Following the recent earnings report, the consensus from 15 analysts covering Karuna Therapeutics is for revenues of US$29.1m in 2023, implying a concerning 31% decline in sales compared to the last 12 months. Losses are forecast to balloon 42% to US$9.40 per share. Before this earnings announcement, the analysts had been modelling revenues of US$26.8m and losses of US$9.05 per share in 2023. Overall it looks as though the analysts were a bit mixed on the latest consensus updates. Although there was a nice uplift to revenue, the consensus also made a moderate increase in its losses per share forecasts.

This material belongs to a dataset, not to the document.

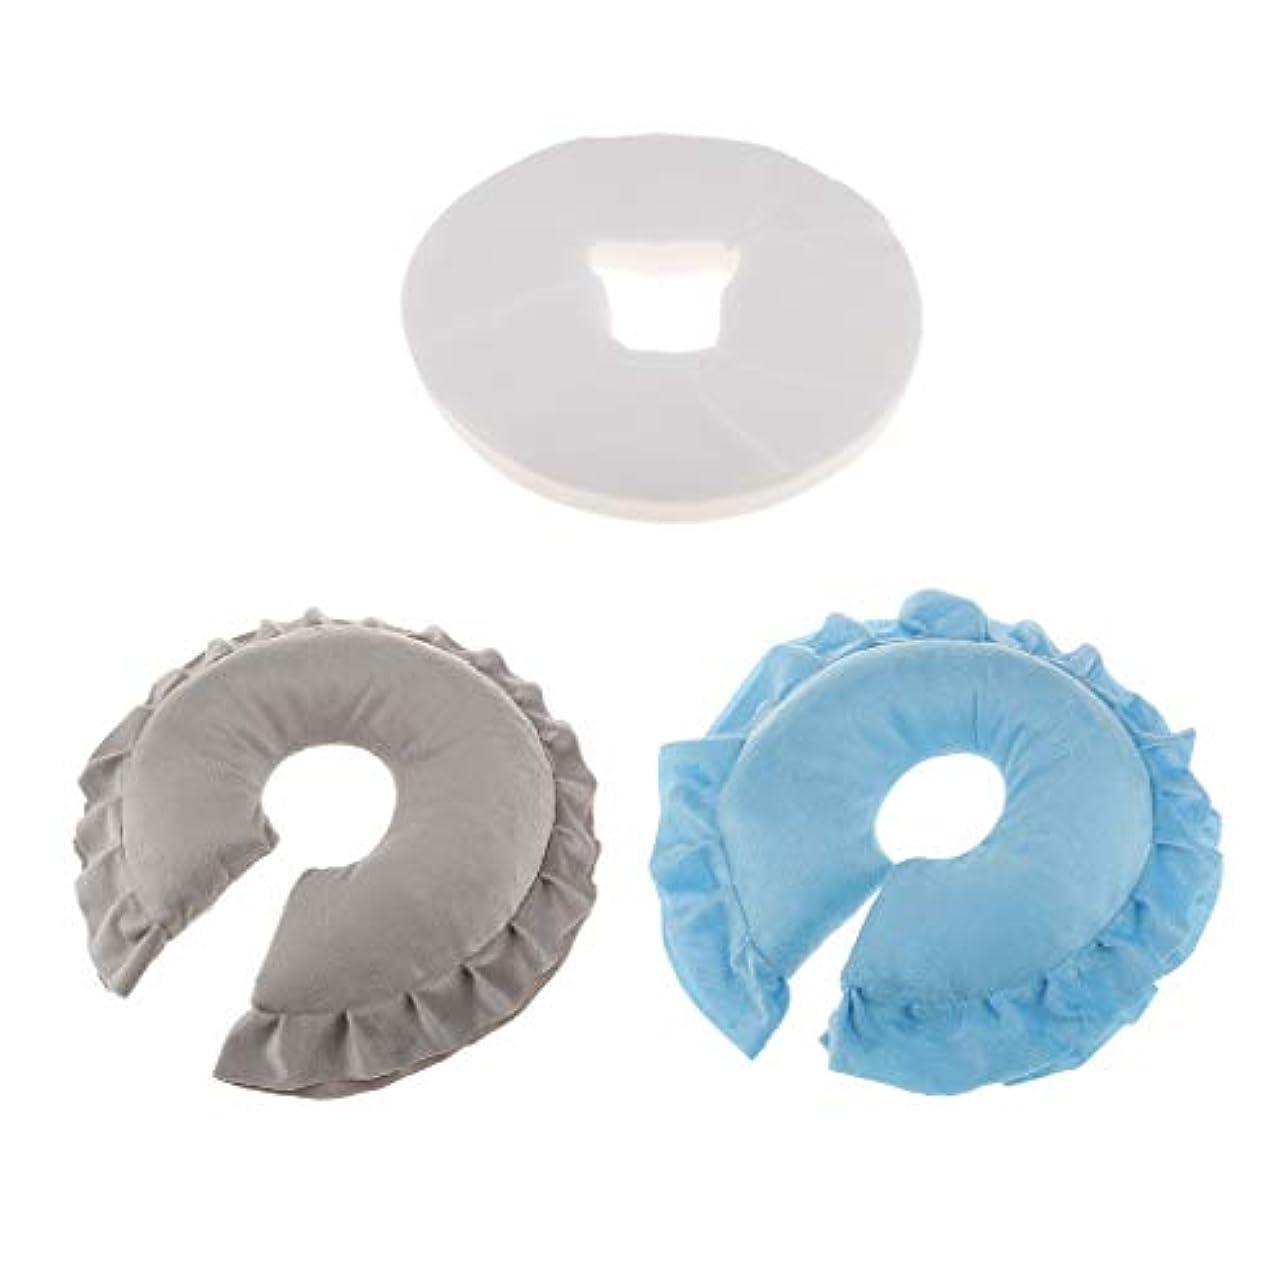 オゾントランペット豊かにするdailymall 2x美容院のマッサージの顔の揺りかごの枕+100の使い捨て可能なクッションカバー

The consensus price target stayed unchanged at US$285, seeming to suggest that higher forecast losses are not expected to have a long term impact on the valuation. That's not the only conclusion we can draw from this data however, as some investors also like to consider the spread in estimates when evaluating analyst price targets. There are some variant perceptions on Karuna Therapeutics, with the most bullish analyst valuing it at US$332 and the most bearish at US$175 per share. These price targets show that analysts do have some differing views on the business, but the estimates do not vary enough to suggest to us that some are betting on wild success or utter failure.

Looking at the bigger picture now, one of the ways we can make sense of these forecasts is to see how they measure up against both past performance and industry growth estimates. These estimates imply that sales are expected to slow, with a forecast annualised revenue decline of 26% by the end of 2023. This indicates a significant reduction from annual growth of 99% over the last five years. By contrast, our data suggests that other companies (with analyst coverage) in the same industry are forecast to see their revenue grow 15% annually for the foreseeable future. So although its revenues are forecast to shrink, this cloud does not come with a silver lining - Karuna Therapeutics is expected to lag the wider industry.

The Bottom Line

The most important thing to take away is that the analysts increased their loss per share estimates for next year. They also upgraded their revenue estimates for next year, even though sales are expected to grow slower than the wider industry. There was no real change to the consensus price target, suggesting that the intrinsic value of the business has not undergone any major changes with the latest estimates.

Following on from that line of thought, we think that the long-term prospects of the business are much more relevant than next year's earnings. We have forecasts for Karuna Therapeutics going out to 2024, and you can see them free on our platform here.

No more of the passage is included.